Sam Dente came from his mother's side of the family.  Rick had never spent a lot of time with his grandfather because they lived far away. But, he explained, "When we were younger, my mother and father talked about it.  And we had some of his memorabilia and stuff around the house. I had two brothers and all three of us kind of grew up having pride in the fact that our granddad played in the big leagues."

Anthony Varvaro, who came to the Red Sox in a December 2014 trade with the Atlanta Braves, is married to Kerry Ann Thomson. Her last name is the giveaway. The man who hit the "shot heard 'round the world" to win the 1951 pennant for the New York Giants was her great-uncle, Bobby Thomson. In other words, her grandfather's brother.  Bobby Thomson was born in Scotland, but grew up in Staten Island -- hence his moniker, "The Staten Island Scot." Both Bobby Thomson and Anthony Varvaro attended the same high school on Staten Island, Curtis High School.  That's where Anthony and his future wife met; they began going out in high school.  Varvaro and Bobby Thomson first met when Anthony was about 17.

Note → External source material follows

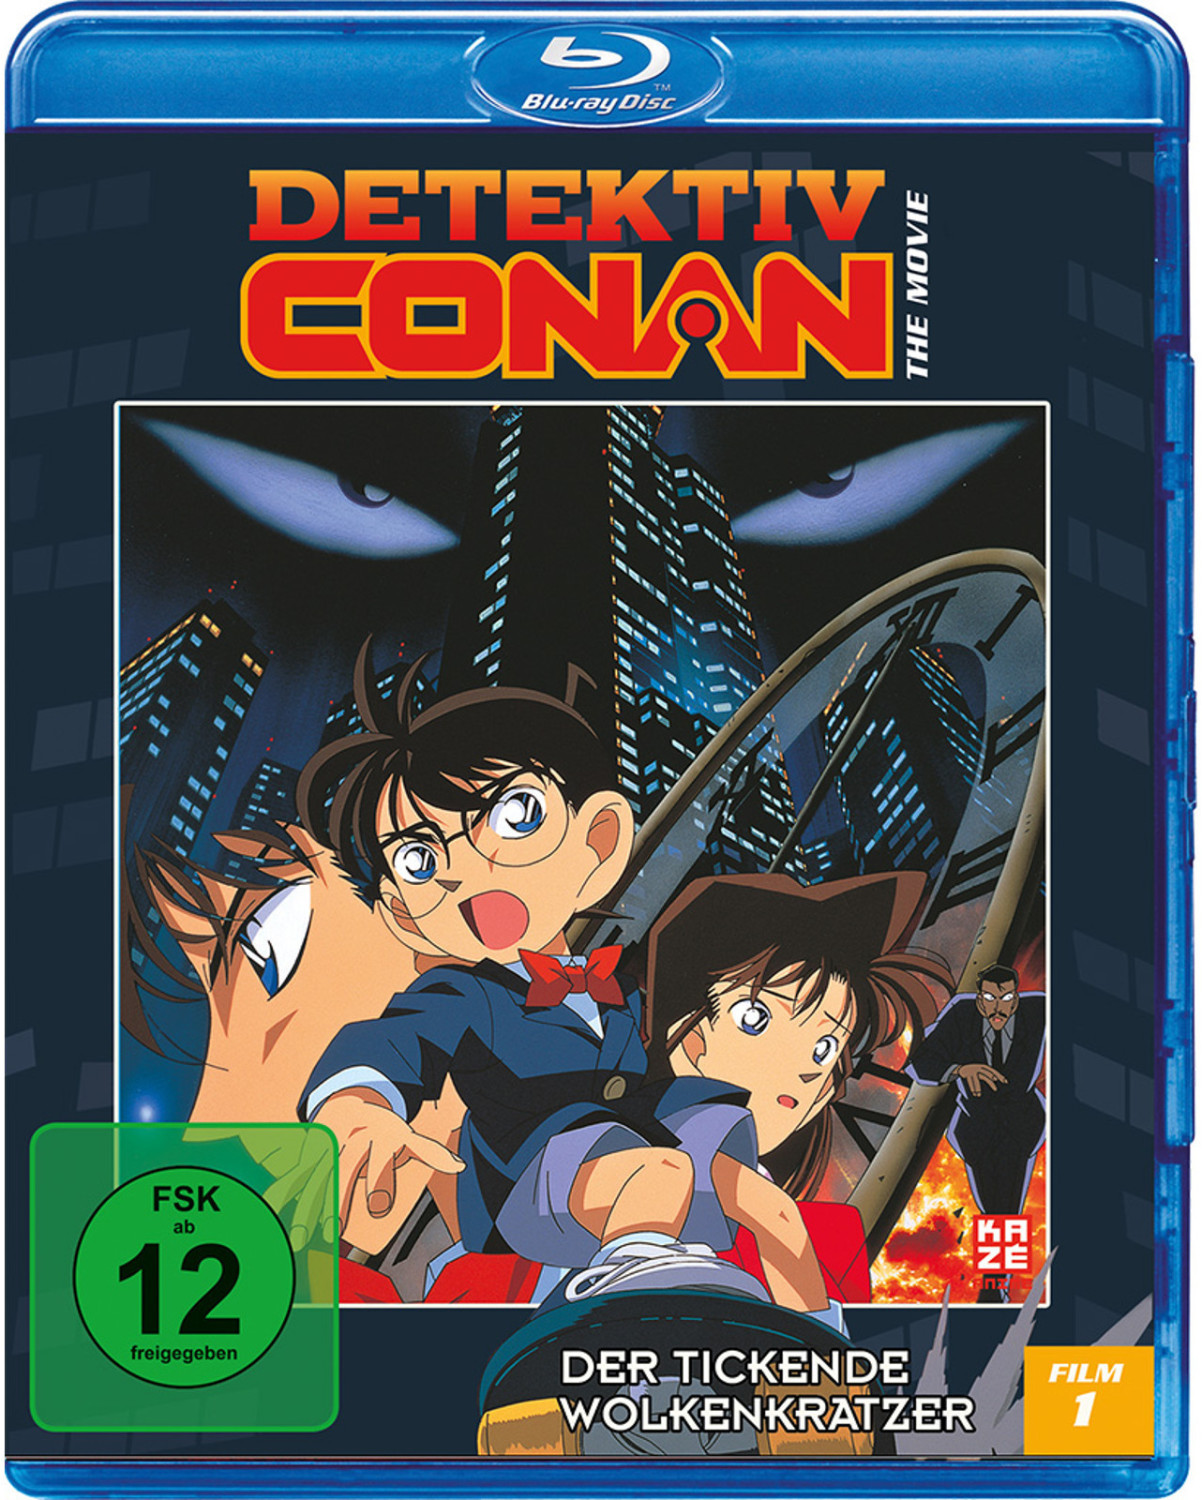 #Detektiv Conan – 1. Film: Der tickende Wolkenkratzer [Blu-ray]#

In Bobby Thomson's last year -- 1960 -- he appeared in 40 games for the Red Sox. "He was well aware that I was playing minor-league ball," Anthony says, "but beyond that, there really wasn't that much. I wasn't aware that he'd played for the Sox until I got here."


There's another major-league relatives connection through marriage among the first-year players on this year's Red Sox, this one also involving a member of the pitching staff. Joe Kelly met his wife Ashley in college in California. Her father, as it happens, is former (1992-94) Minnesota Twins catcher Derek Parks. Thus, Joe is Parks' son-in-law. The former catcher and pitcher never worked out together. "He hung it up," Joe says.  "We talk about pitching and stuff like that sometimes. We don’t really get too much in depth. We each kind of do our own thing.  But he's awesome about baseball.  He's a big Yankees fan now, though.  So I kind of beat up on him."